Task objective: Each line of data below is to be returned exactly, leaving out any picture.

Information provided:
- Opening Delimiter -

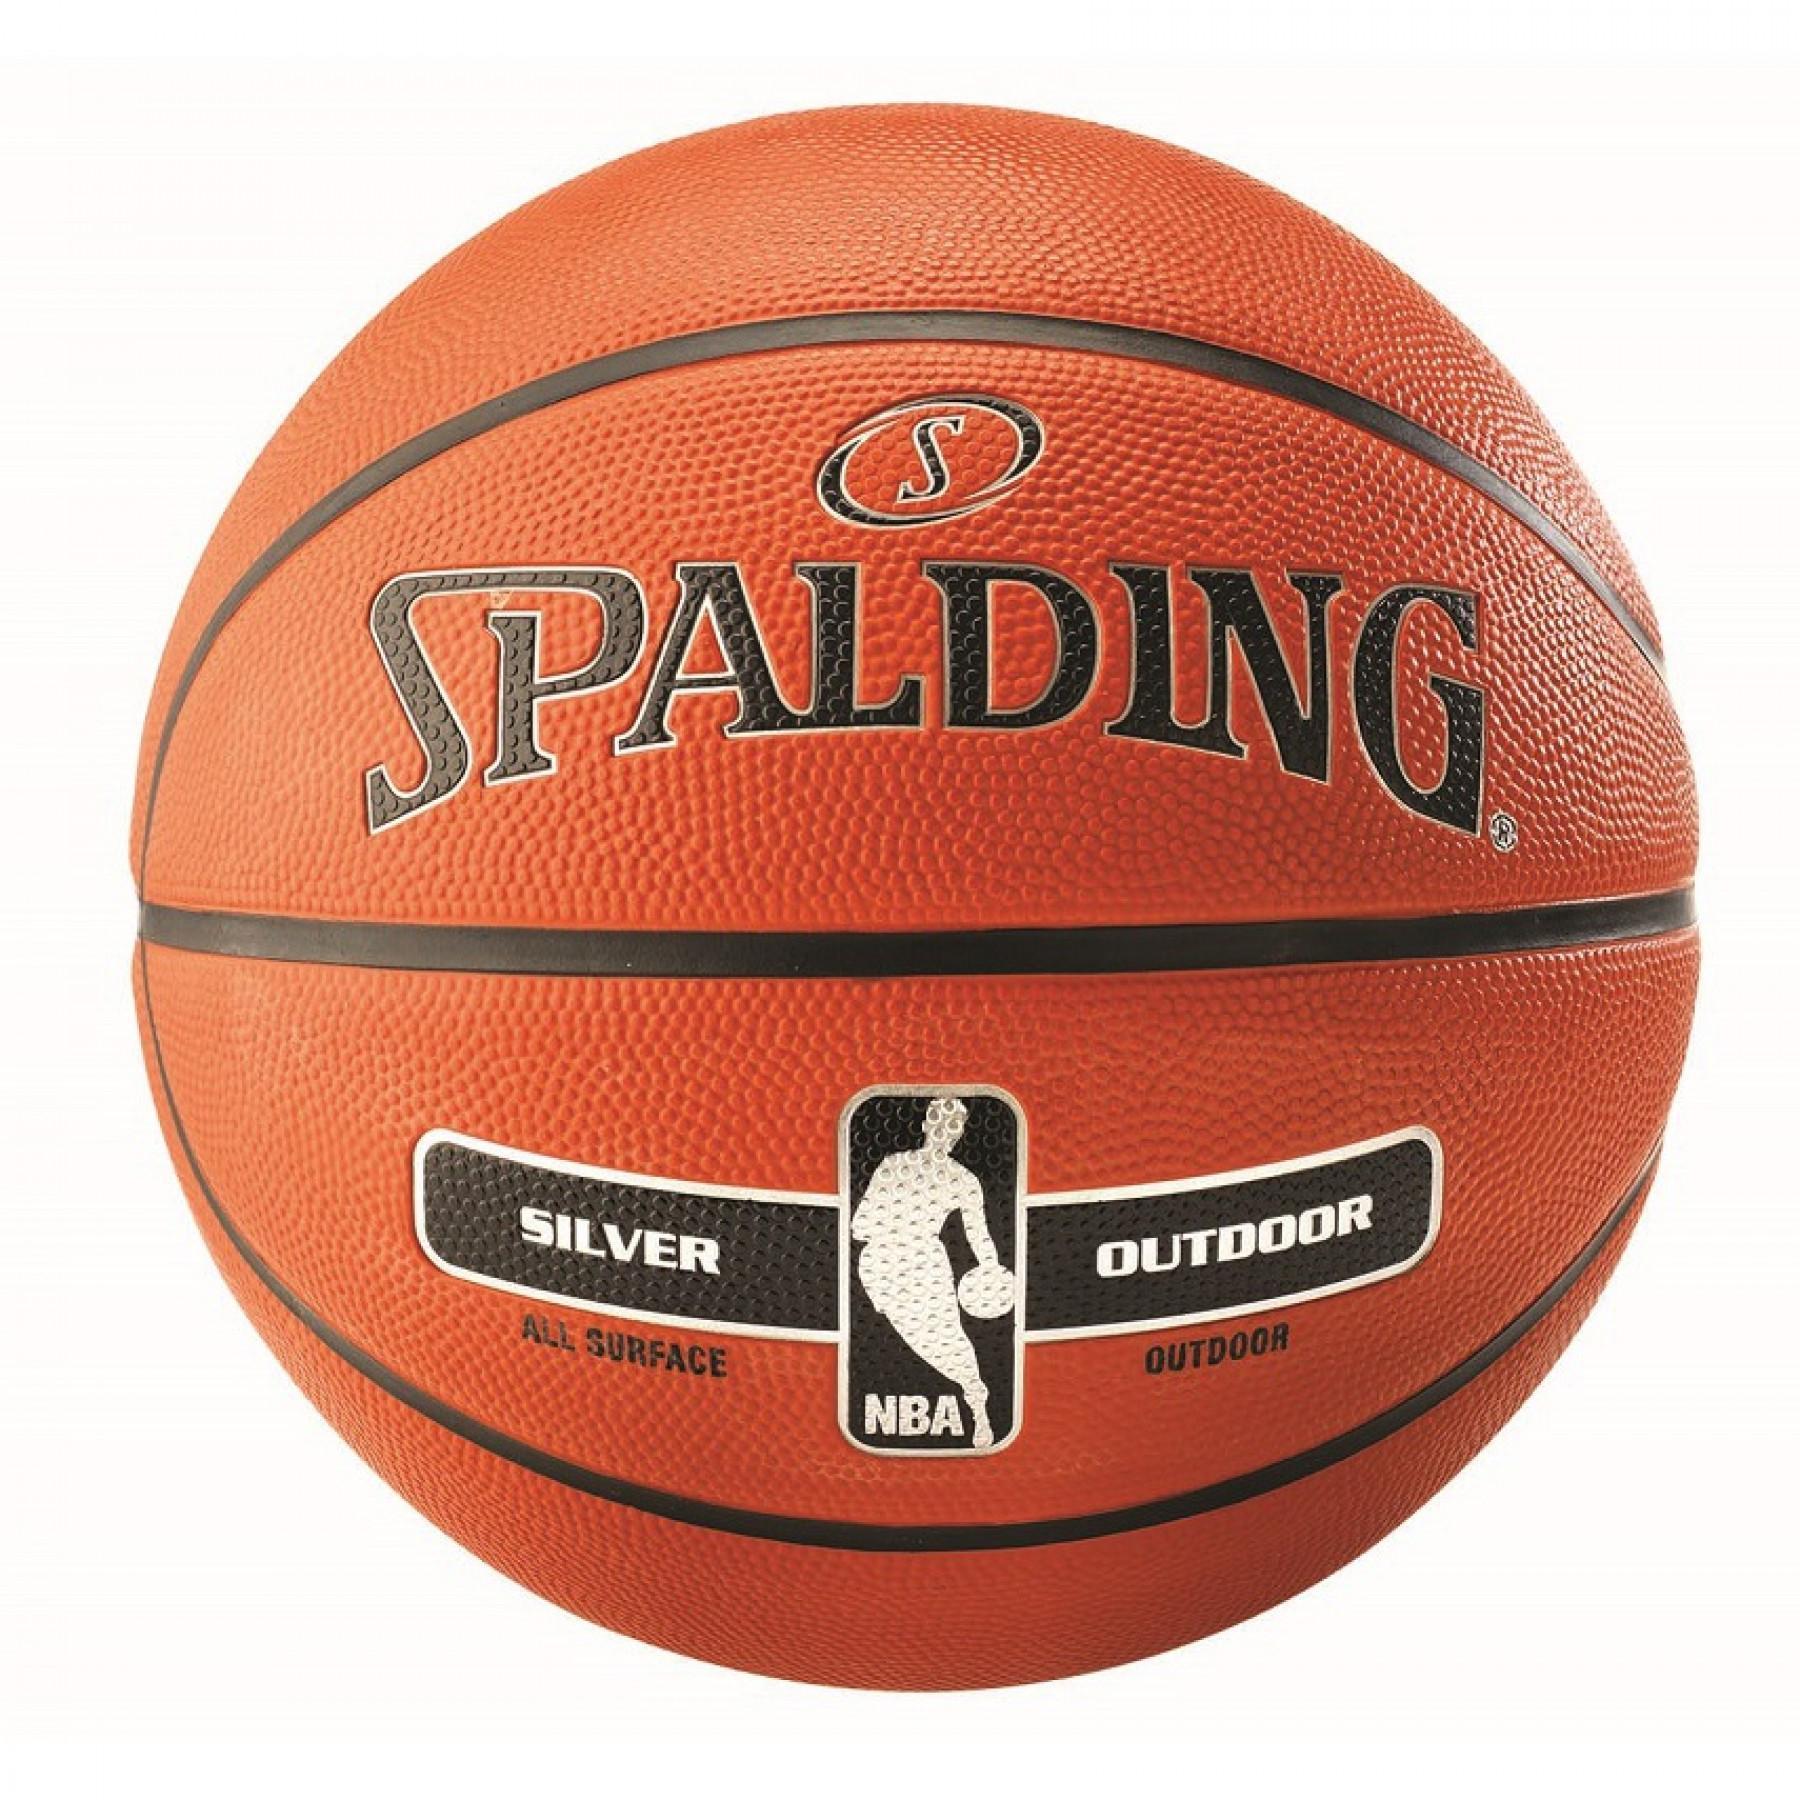 Balloon Spalding NBA Silver Outdoor
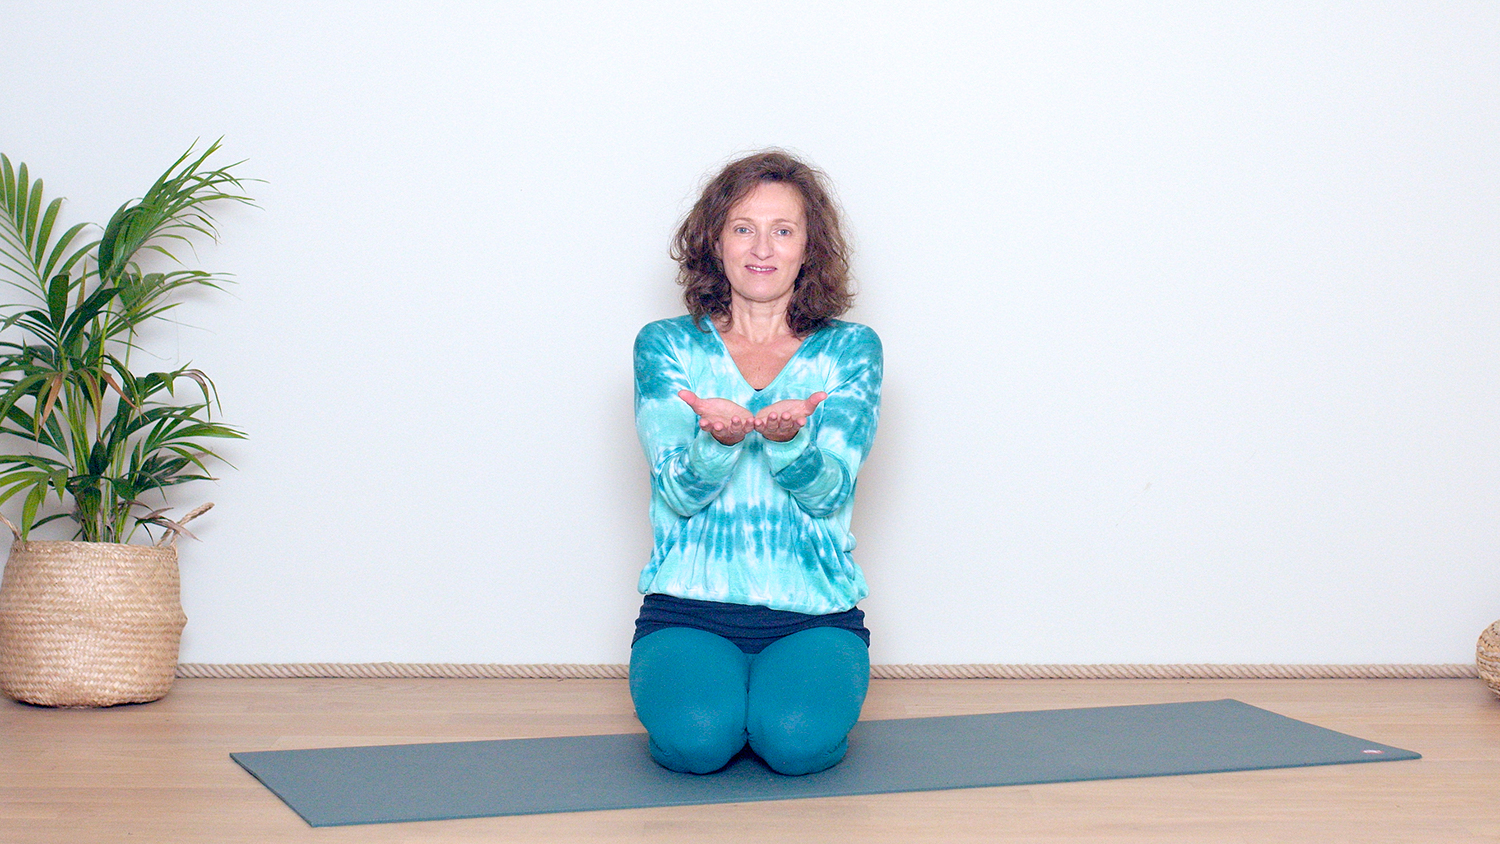 Présentation du Parcours "Yoga du matin" | Cours de yoga en ligne avec Delphine Denis | Présentations
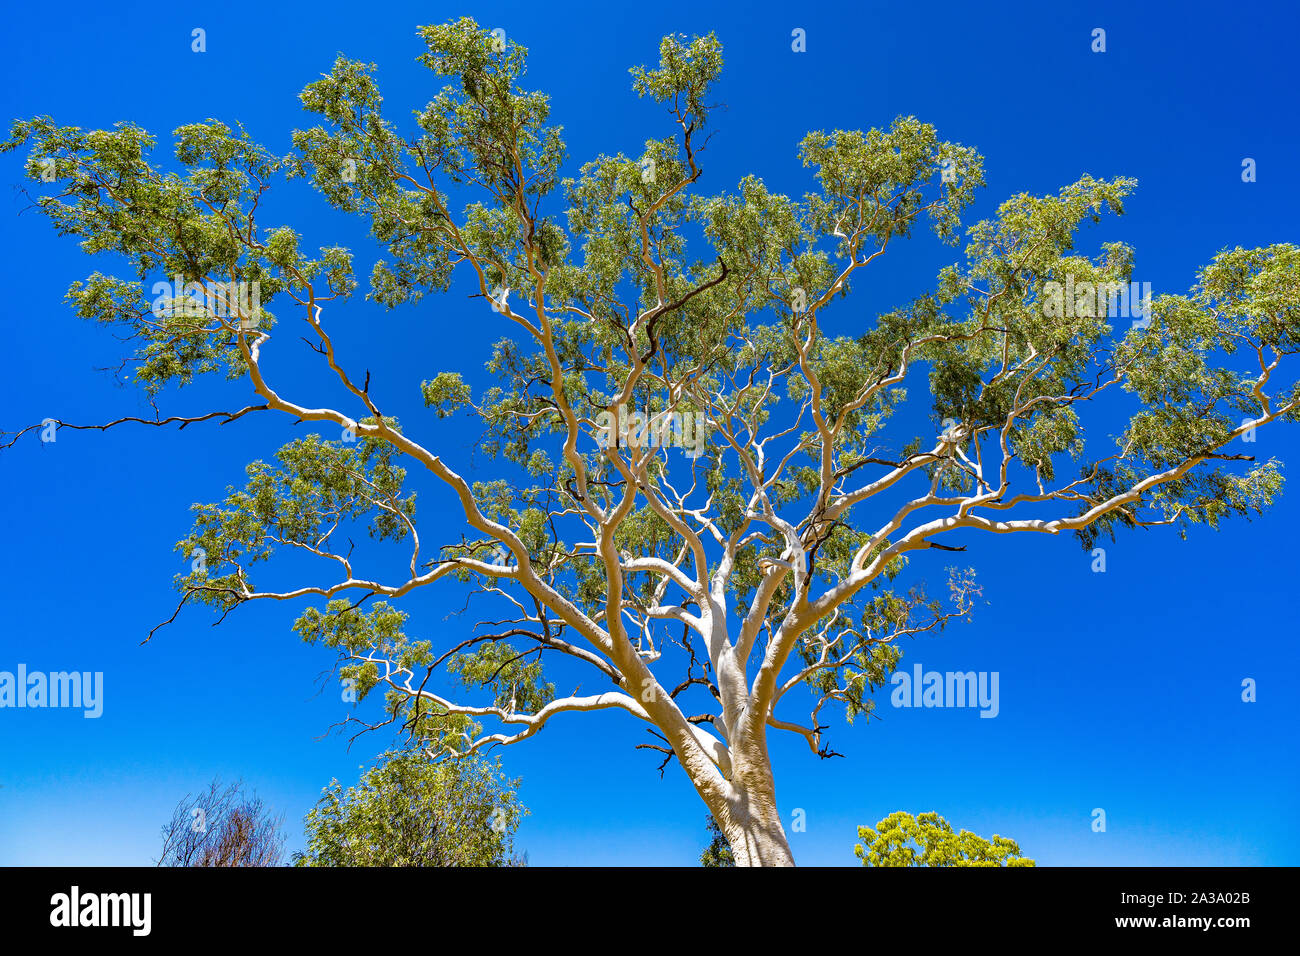 La plus grande et la plus ancienne ghost gum tree en Australie est situé dans l'East MacDonnell Ranges dans le Territoire du Nord, Australie. Banque D'Images

- Closing Delimiter -

Exercise answer:
 Balloon Spalding NBA Silver Outdoor
 Présentation du Parcours "Yoga du matin" | Cours de yoga en ligne avec Delphine Denis | Présentations
 La plus grande et la plus ancienne ghost gum tree en Australie est situé dans l'East MacDonnell Ranges dans le Territoire du Nord, Australie. Banque D'Images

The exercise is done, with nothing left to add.